Start of Data shown
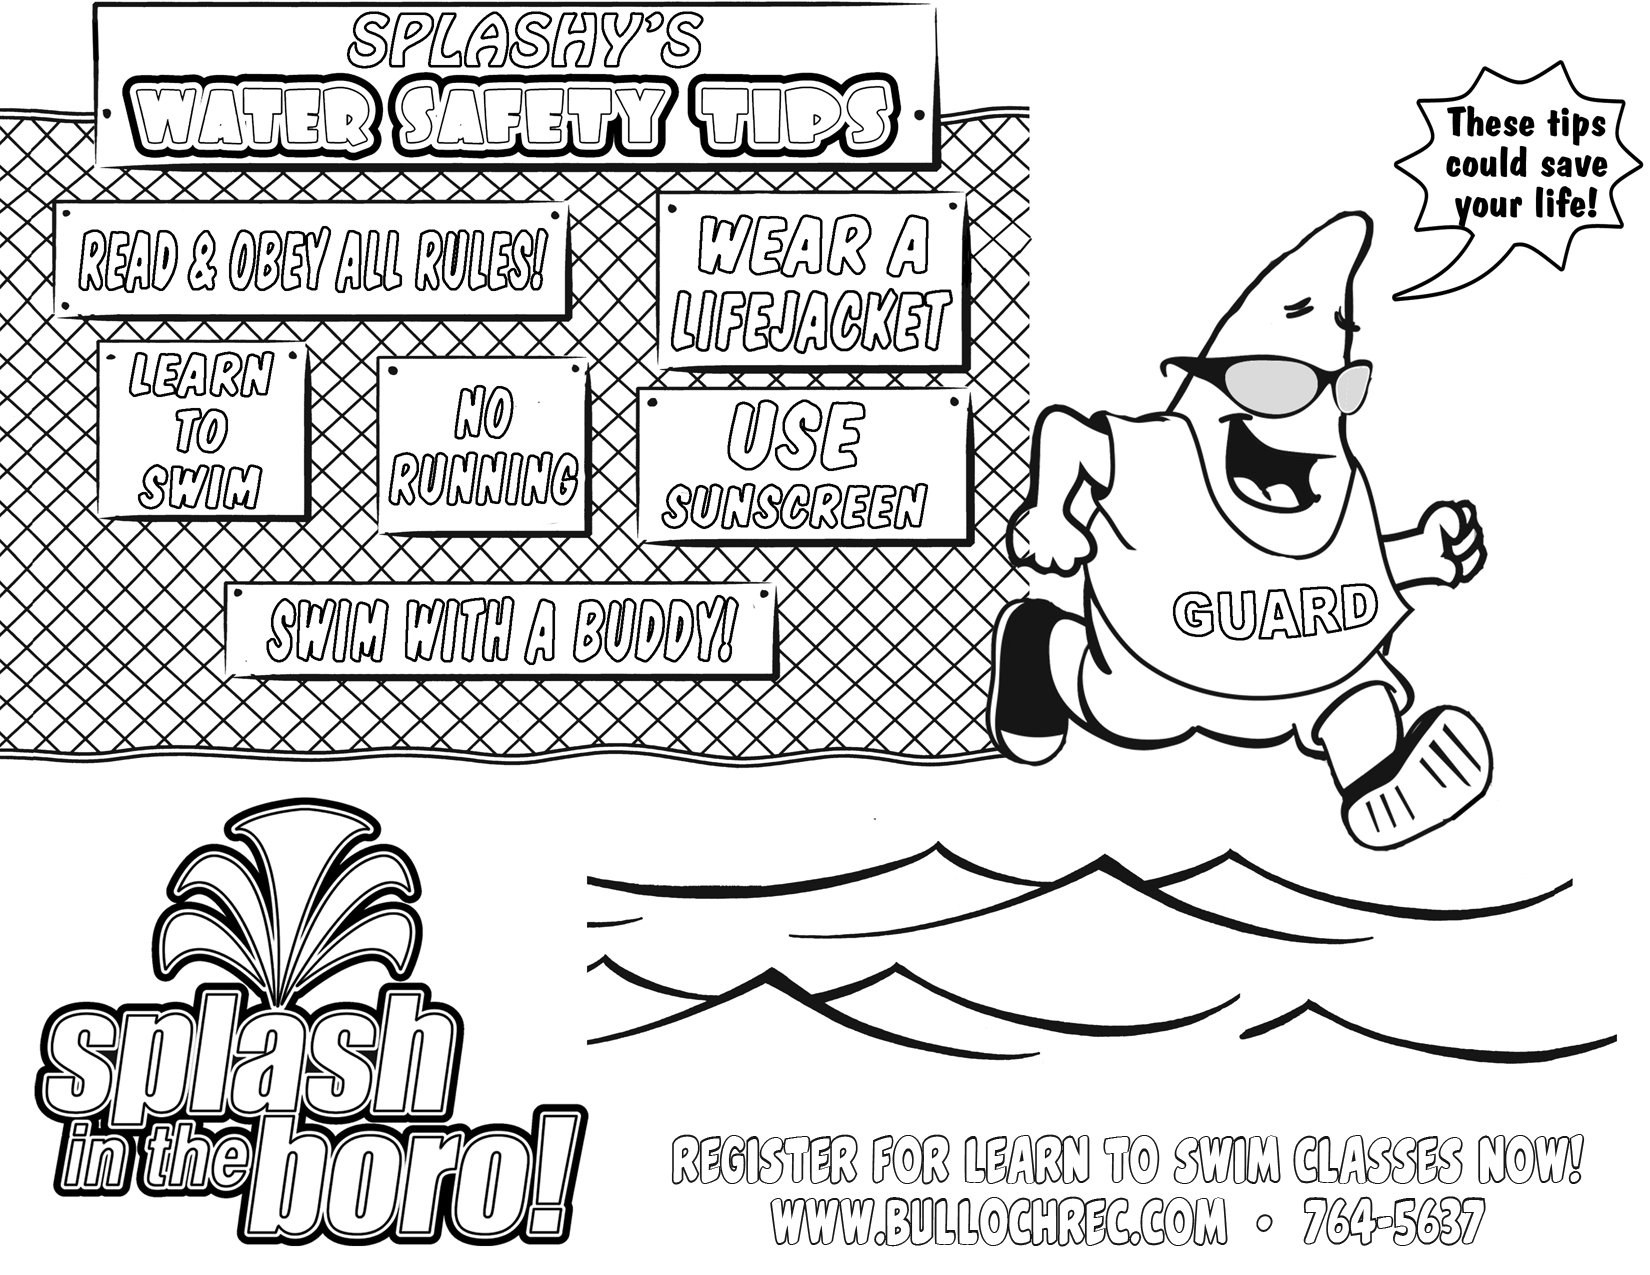 Splash in the boro on x its national coloring book dayso splashy had to join in the fun download print and color these great tips on water safety httpstcoxvuaqkyt x
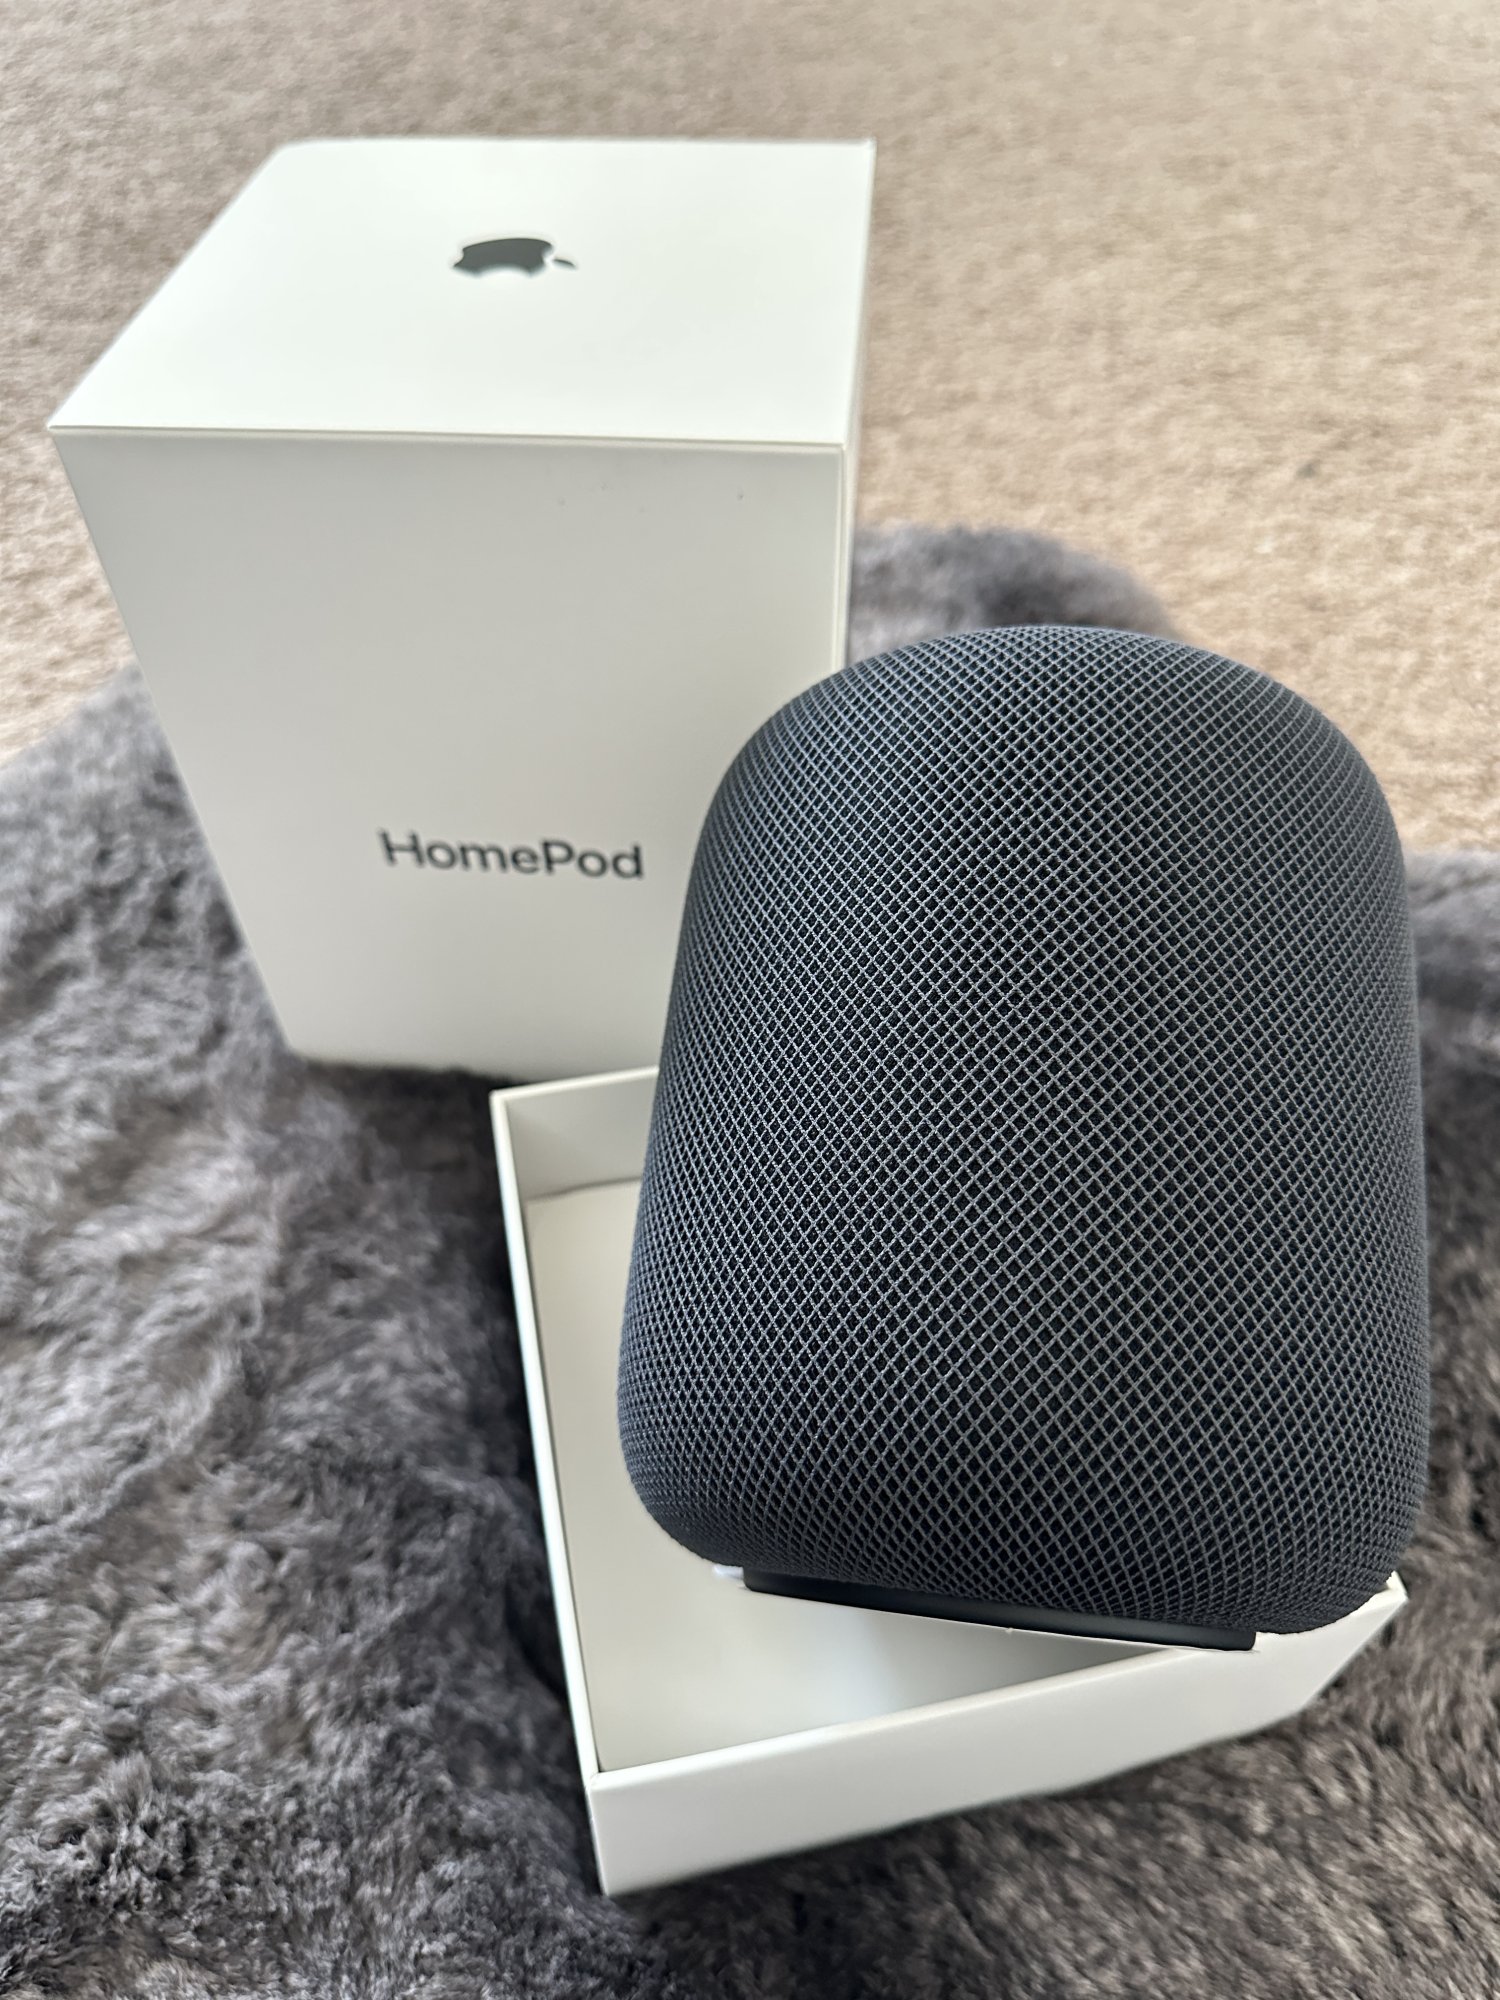 The HomePod 2 hits stores today, but it's strictly for hardcore
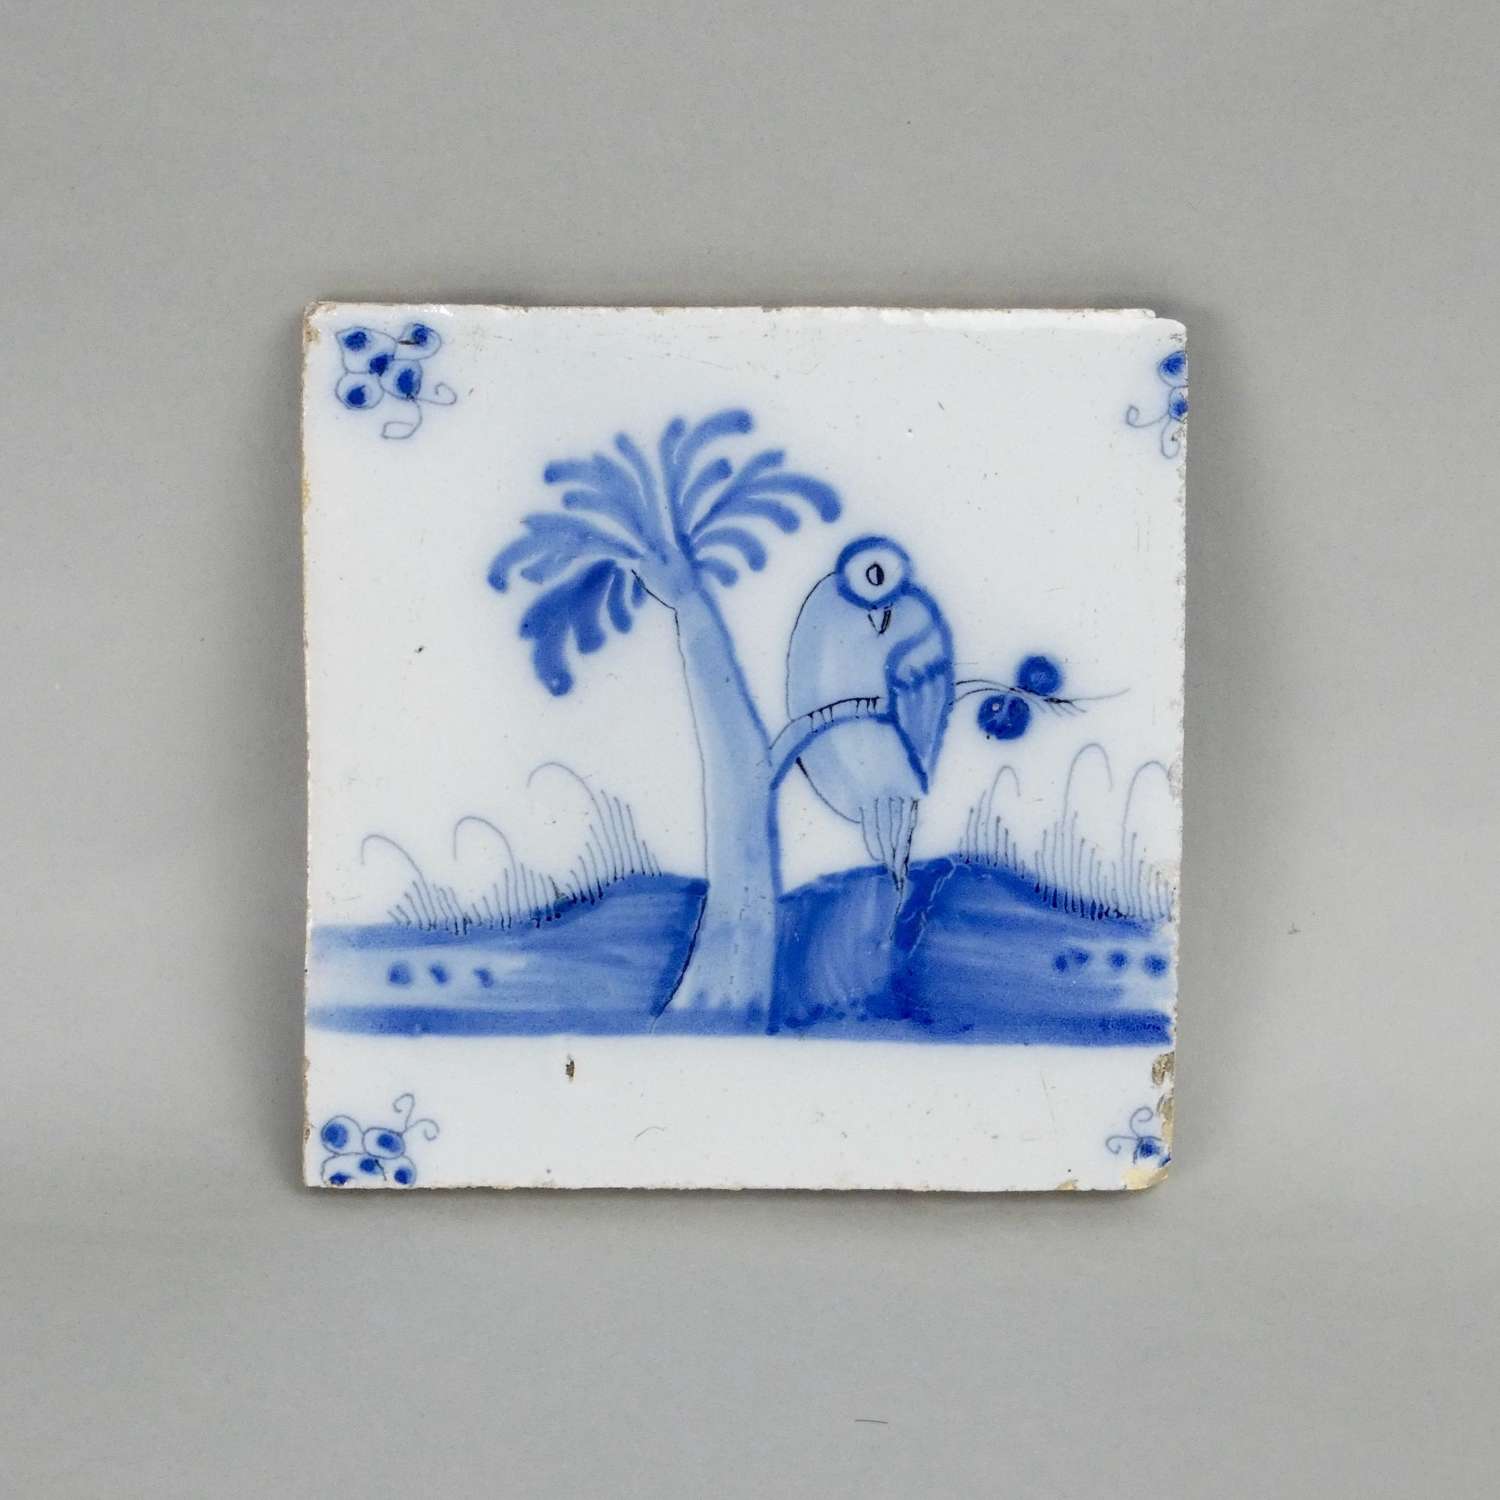 Delft tile painted with a bird
End of Data shown
* [How to complete this task] Print, please, exactly the lines from the one holding "The HomePod 2" through the final line of the data, both included, while leaving out each picture.

* [Solution for this task]
 The HomePod 2 hits stores today, but it's strictly for hardcore
 Delft tile painted with a bird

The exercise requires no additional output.